Samples were taken for metallographic organization analysis, as shown in the red box in Figure 1b, while samples from different batches of new flanges were taken for comparison and tested according to the method in GB/T13298-2015 [29]. Duplex stainless steel has the most appropriate ratio of ferritic and austenitic, approximately half each, and neither material can exceed 65% to ensure the comprehensive performance of the duplex steel. If the ratio of the two phases is out of proportion, the corrosion resistance in some media will be reduced. Figure 3a shows that the metallographic organization of the corroded flange consisted of α-ferrite + γ-austenite + δ-ferrite + Widmanstatten structures + sigma phase(the elongated dark phase is the sigma phase). The ratio of α-ferrite to γ-austenite was 45:55, which met the requirement for the proportion of a duplex stainless-steel structure. However, there were larger numbers of δ-ferrite and Widmanstatten structures and a small amount of σ-phase, which did not meet the requirements of duplex steel organization [30]. Figure 3b shows that the metallographic organization of the new flange consisted of α-ferrite + γ-austenite, with a ratio of α-ferrite to γ-austenite of 50:50, which met the requirement for the proportion of duplex stainless-steel structure.
To verify the presence of sigma phase, electron metallography was performed using a scanning electron microscope, and an energy spectrum analysis was performed to obtain the values of Fe and Cr, as shown in Figure 4. The results of the energy spectrum analysis showed that the value of Cr was significantly higher than the matrix content. Sigma phase is a kind of intermetallic phase that often appears in high-alloy steel, and a small amount of sigma phase in steel will make the toughness and plasticity of the steel drop sharply, while the precipitation of sigma phase makes its surrounding poor in chromium and molybdenum, thus reducing the steel’s corrosion resistance [31]. Because the working condition of the flange was 35 °C, the sigma phase should have been produced in the manufacturing process of the flange, and some research has shown [32] that duplex stainless steel (in a solid solution state, hot rolled state, or cold rolled state) precipitates sigma phase when it is heated or slowly cooled at temperatures ranging from approximately 600 to 1000 °C. Therefore, the sigma phase produced by an improper heat treatment will have an accelerated corrosion effect on a flange.
To further analyze the characteristics and causes of corrosion, the inner surface of the flange was subjected to scanning electron microscopy analysis. Figure 5a shows the microstructure of the corroded inner surface of the flange, where distinct grains and grain boundaries can be observed, indicating that the corrosion of the 2507 duplex stainless steel was intergranular selective corrosion, with preferential corrosion occurring at the grain boundaries and γ-austenite phase. The area analyzed by energy dispersive spectroscopy is shown in Figure 5c, and the results are shown in Table 3, which indicate that the corrosion products on the inner surface of the flange were mainly composed of elements such as carbon (C), oxygen (O), iron (Fe), chromium (Cr), nickel (Ni), molybdenum (Mo), and sulfur (S).The sulfur contents detected were 2.73 wt% and 6.05 wt%, with no chlorine (Cl) element detected. Therefore, the major corrosion product was sulfide. Figure 5b shows the microstructure of the corroded weld, which was similar to the corrosion morphology of the corroded flange. Clear grains and grain boundaries could also be observed, indicating that the corrosion of the austenitic weld associated with the flange was intergranular selective corrosion, with preferential corrosion occurring at the grain boundaries and in the austenite phase.

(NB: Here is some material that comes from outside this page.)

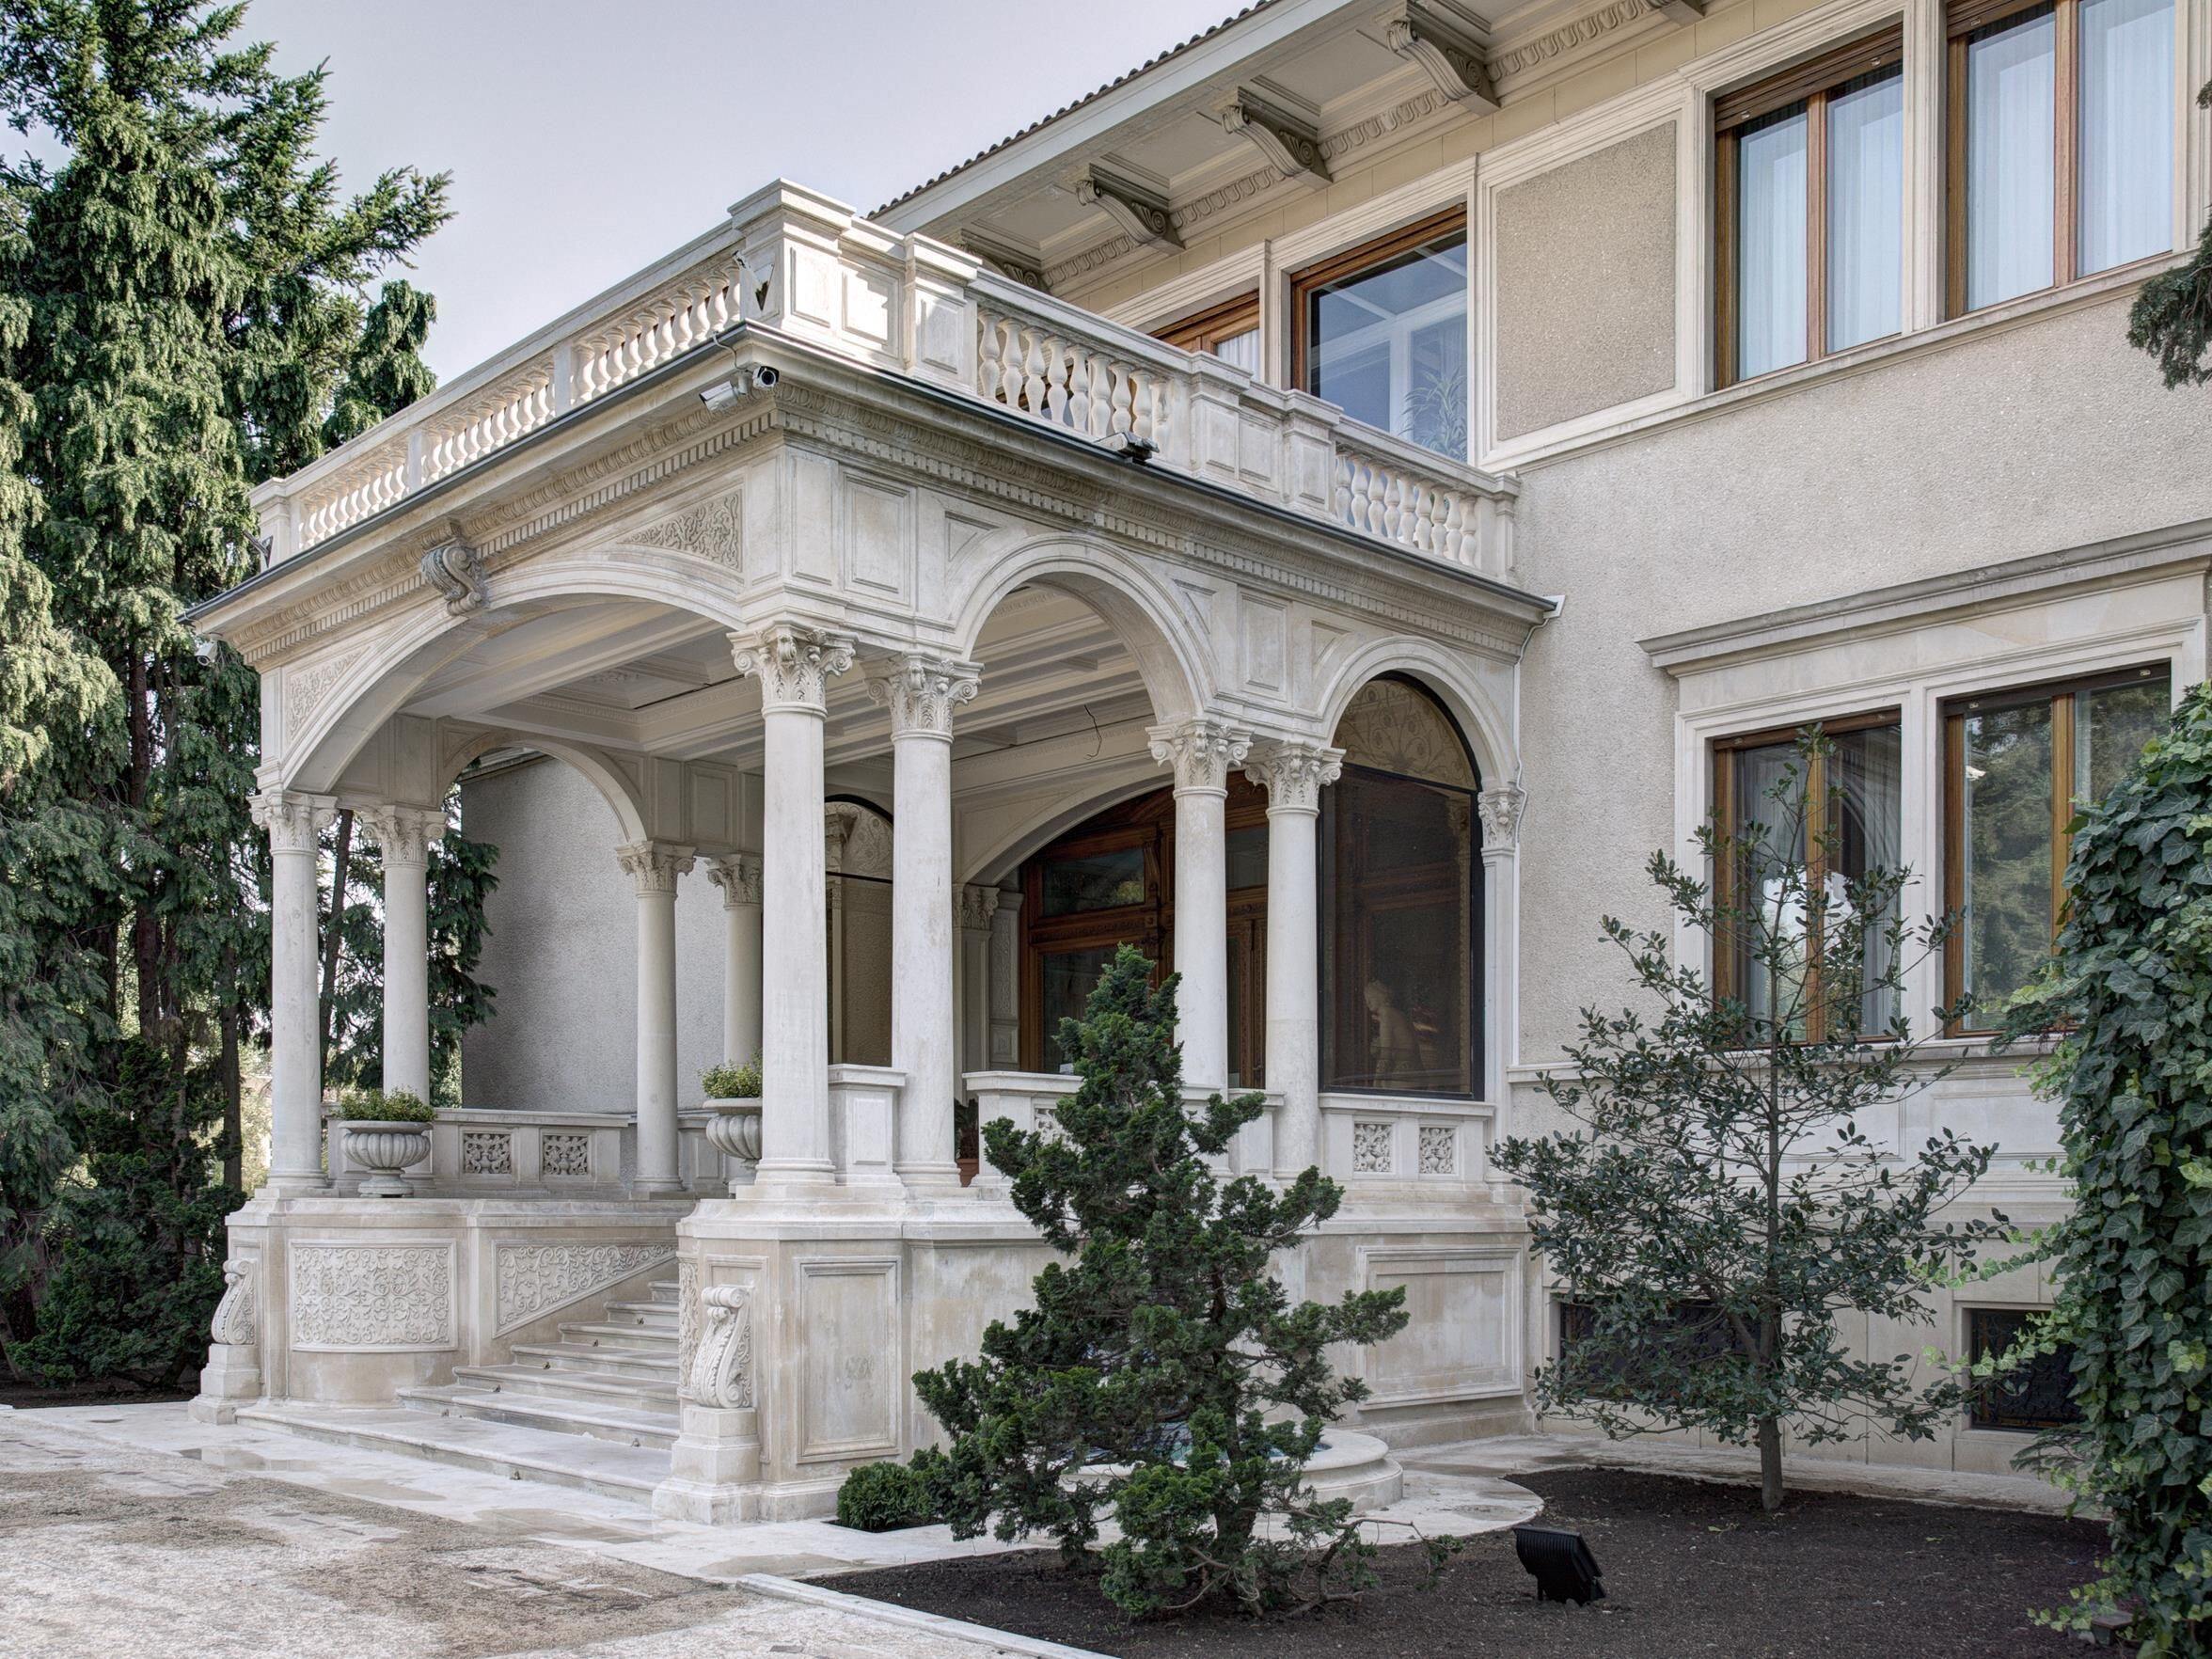 Primaverii Palace (House of Ceauşescu)
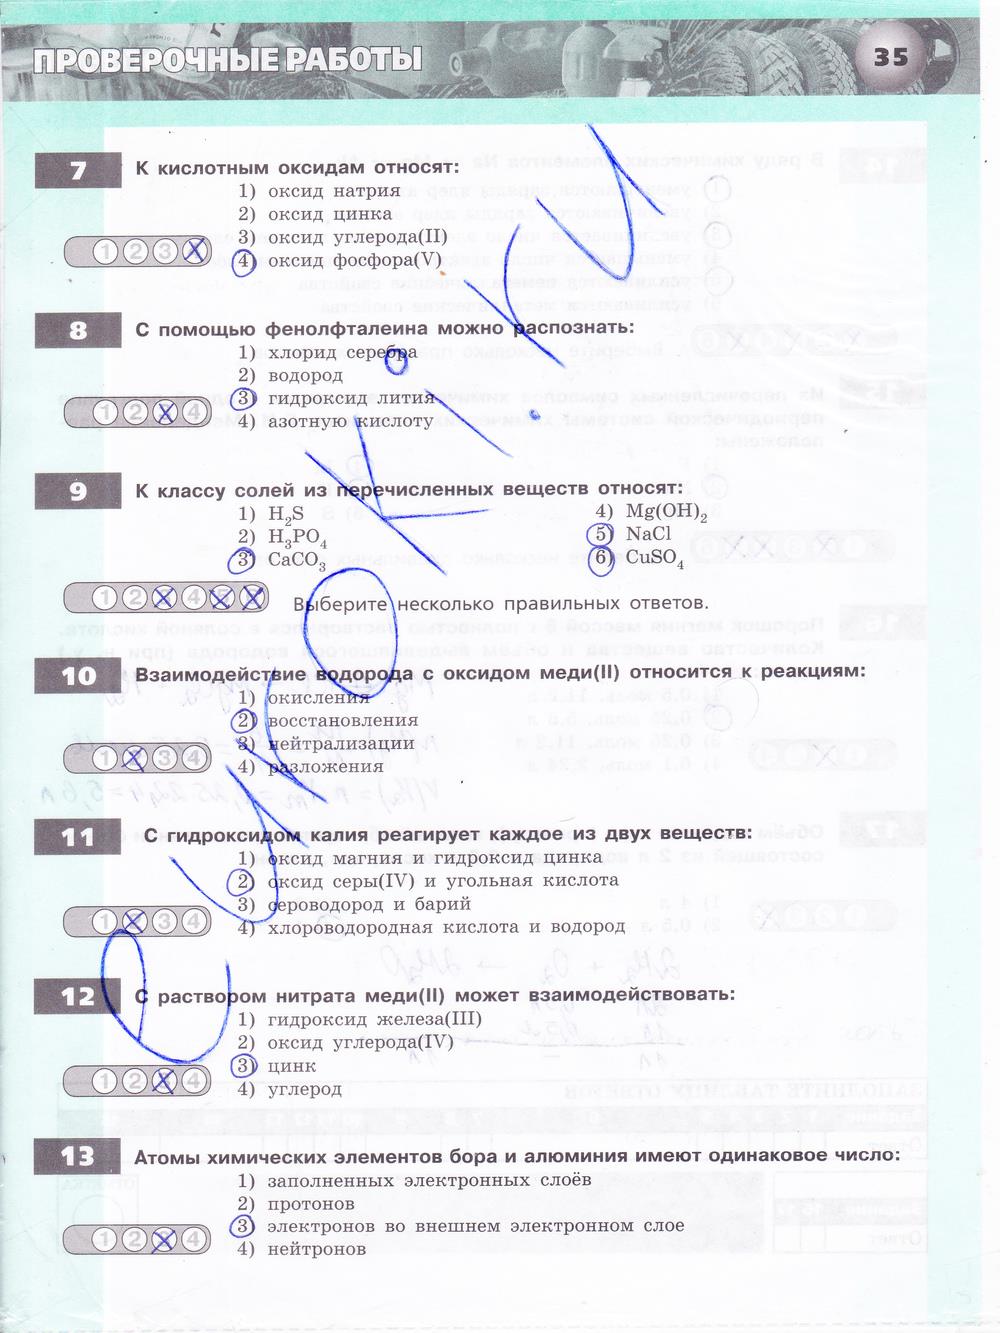 гдз 8 класс тетрадь-экзаменатор страница 35 химия Бобылева, Бирюлина

2.4. Intergranular Corrosion Test

Intergranular corrosion tests were performed on the corroded flange and new flange specimens according to the test method specified in GB/T4334-2020, Corrosion of Metals and Alloys—Intergranular Corrosion Test for Austenitic and Ferritic-Austenitic (Duplex) Stainless Steels—Ferric Chloride Solution Method (F Method) [33], under the conditions shown in Table 4. We employed the chemical immersion intergranular corrosion test method, that is, the specimen was immersed in a certain state of the solution to maintain a certain period of time, and through the test and before and after the test, the specimen changed to characterize the material intergranular corrosion sensitivity. The evaluation indicators are generally the following three: ① the corrosion rate, through the test and before and after the test, as the change in the mass of the specimen and the exposed area to be calculated; ② the corrosion depth, determined using a specimen cross-section after grinding and polishing and the use of metallurgical microscopy to examine the surface of the specimen’s corrosion depth for the intergranular corrosion; ③ the bending morphology, where the specimen is bent and observation of the bending parts of the external surface morphology is conducted. The results of the tests are shown in Figure 6, where no intergranular corrosion was observed in either the corroded flange or the new flange specimens. No cracking was observed after bending, indicating a low susceptibility to intergranular corrosion in the flange materials.

2.5. Flow Accounting

According to the recommendations in API932B [34], for a given NH4HS concentration, the higher the velocity, the more severe the corrosion. To slow corrosion, the process often limits the velocity to a certain maximum value. For example, the maximum is 6.1 m/s for carbon steel systems and 9.1 m/s for alloy systems, while the recommended flow rate for duplex steels is between those of carbon and alloy steels.
The operating conditions of the corrosion flange were taken as the operating pressure P = 0.39 Mpa, the operating temperature = 35 °C, the flow rate Q = 1796 Nm3/h, and the flange inner diameter Di = 161 mm, and the heat exchanger outlet velocity was calculated according to Formulas (1) and (2).The result of calculation was 7.2 m/s. The connection of the heat exchanger outlet flange is shown in Figure 1, and the velocity of 7.2 m/s is for the carbon steel (ferritic), as the 2507 duplex steel (ferritic + austenitic) material is relatively high, which would accelerate the scouring corrosion of the NH4HS aqueous solution.
V = Q 1 S = Q 1 π r 2   and
P 0 Q T = PQ 1 t ,
where V is the velocity in m/s, Q is the heat exchanger outlet flow rate in Nm3/h, Q1 is the working flow rate in Nm3/h, r is the inside diameter of the flange in mm, P0 is the standard atmospheric pressure in MPa, P is the working pressure in MPa, T is the absolute temperature in K, and t is the working temperature in °C.

3. Results and Discussion

The chemical composition of the corrosion flanges conformed to the S2507 duplex steel standard, except for the silicon content. The hardness of the corrosion flanges also met the requirements of the S2507 duplex steel standard. At the same time, the flange material had good toughness. Although δ-ferrite, Widmanstatten structures, and sigma phase were present in the microstructure, no intergranular corrosion was observed in the intergranular corrosion test, indicating a low susceptibility to intergranular corrosion. Therefore, the presence of δ-ferrite, Widmanstatten structures and sigma phase in the microstructure of the corroded flange was not the primary cause of corrosion, but the presence of σ phase accelerated the corrosion of the flange. Due to the instability of the phase interface between the σ-phase and the substrate, the corrosion would preferentially start from the defects at this phase interface, but the σ-phase was rich in Cr and Mo elements that have better corrosion resistance, and the corrosion could only gradually develop to the Cr-poor region around the σ-phase and even gradually dissolve. When the area around σ phase is corroded, some fine particles of the σ phase fall off very easily, showing corrosion holes.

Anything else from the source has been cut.